═══ DATA BLOCK ═══
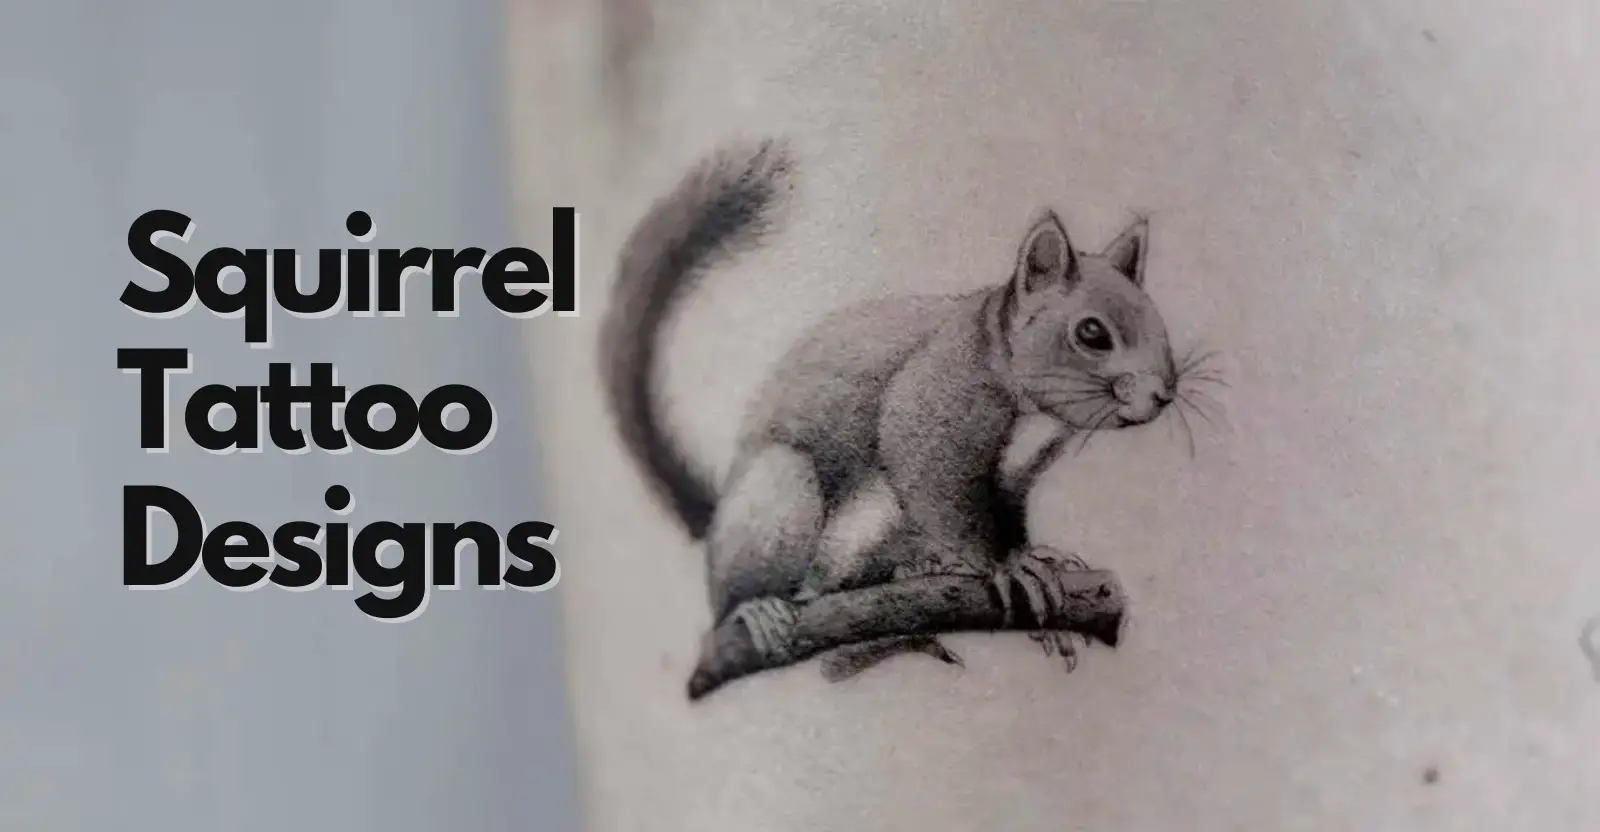 Squirrel tattoo design ideas
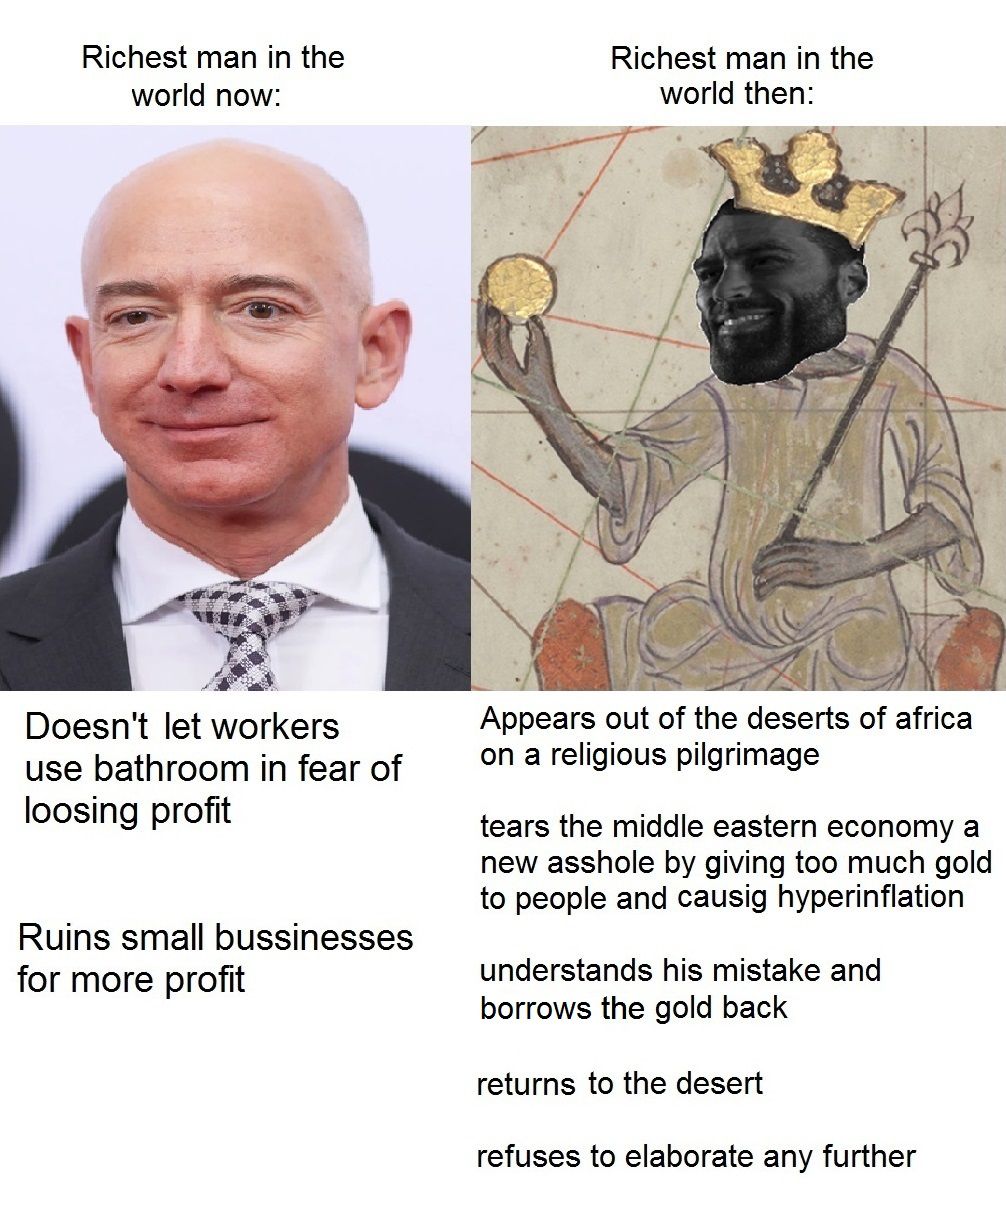 Mansa Musa was such OG
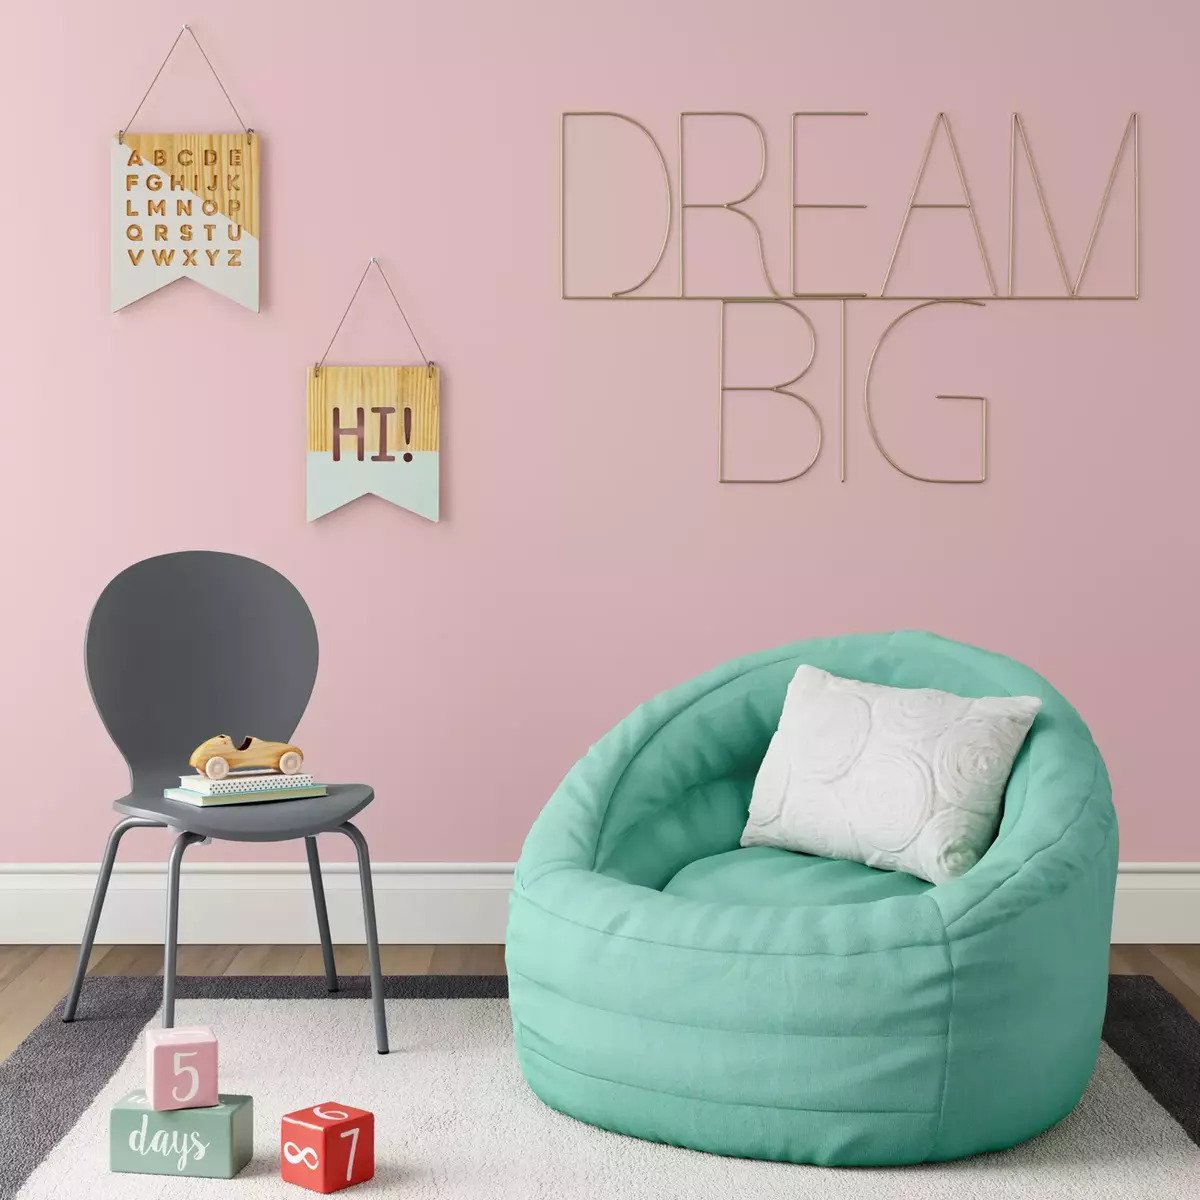 target pillowfort cocoon bean bag chair
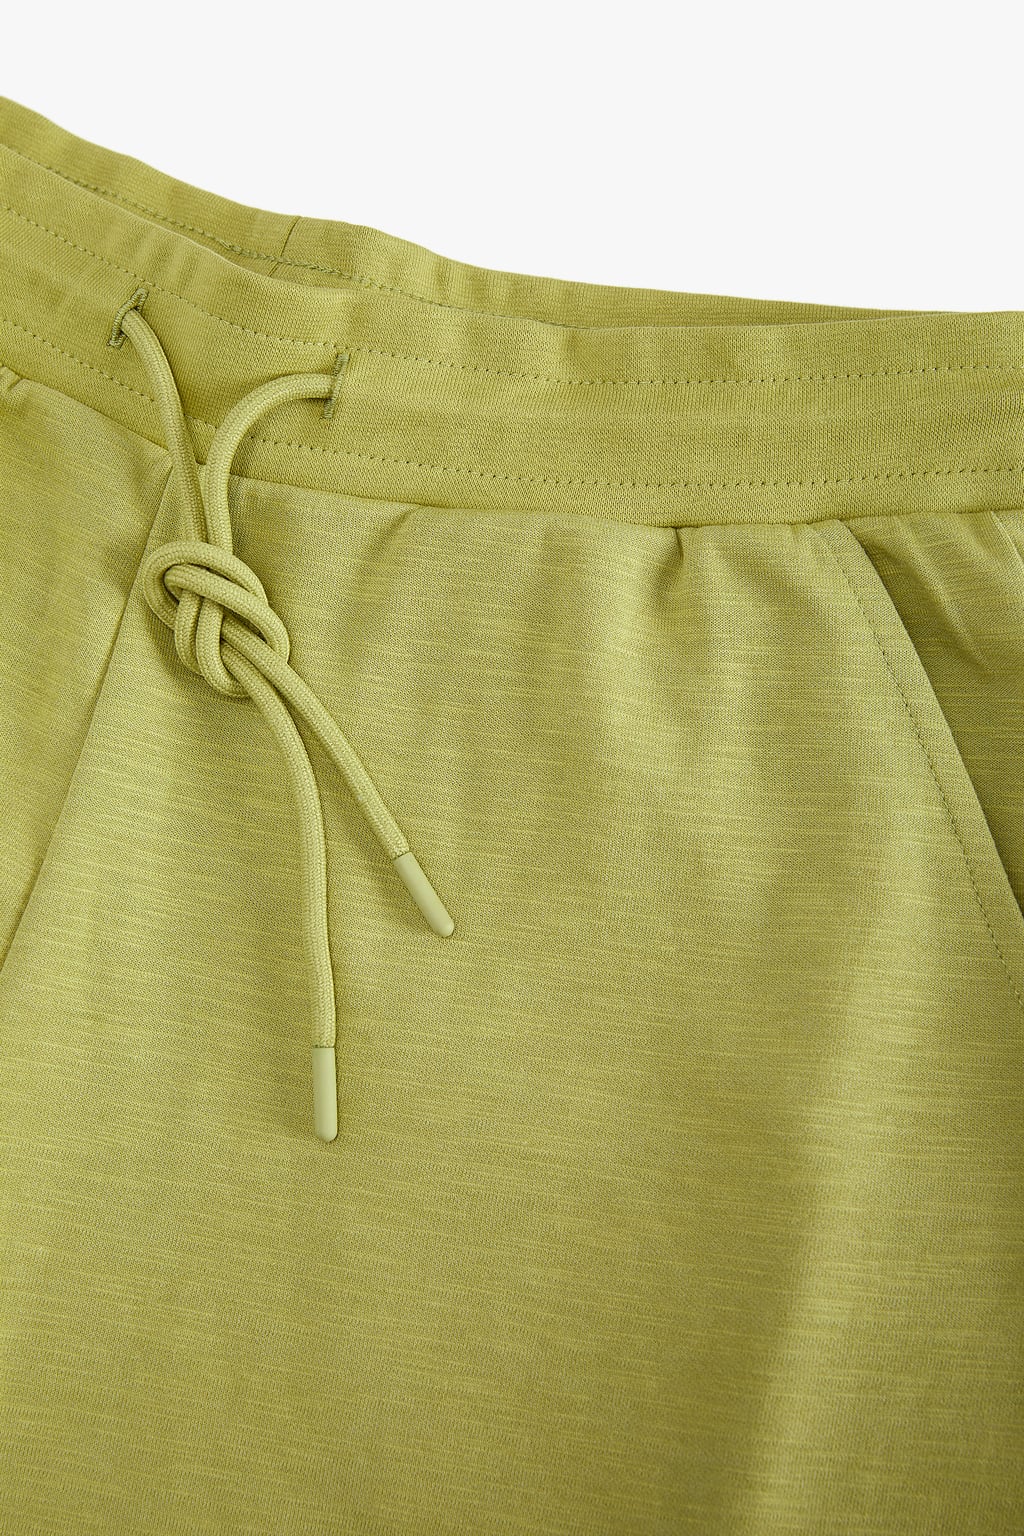 ZaraMan Knitted Jogg Cotton Trouser 5372/302/500
═══
- WHAT IS BEING ASKED -
Starting from the line where "target pillowfort cocoon bean bag chair" appears, copy every line through the end of the material, both ends included, but no pictures.

- ANSWER BOX -
 target pillowfort cocoon bean bag chair
 ZaraMan Knitted Jogg Cotton Trouser 5372/302/500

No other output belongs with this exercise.